(AIM OF THE TASK):
Please retype the listing below, matching every line exactly.

(DATASET EXTRACT):
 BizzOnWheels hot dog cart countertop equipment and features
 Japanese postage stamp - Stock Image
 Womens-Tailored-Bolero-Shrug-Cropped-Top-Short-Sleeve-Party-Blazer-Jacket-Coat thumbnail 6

(EXERCISE RESULT):
 BizzOnWheels hot dog cart countertop equipment and features
 Japanese postage stamp - Stock Image
 Womens-Tailored-Bolero-Shrug-Cropped-Top-Short-Sleeve-Party-Blazer-Jacket-Coat thumbnail 6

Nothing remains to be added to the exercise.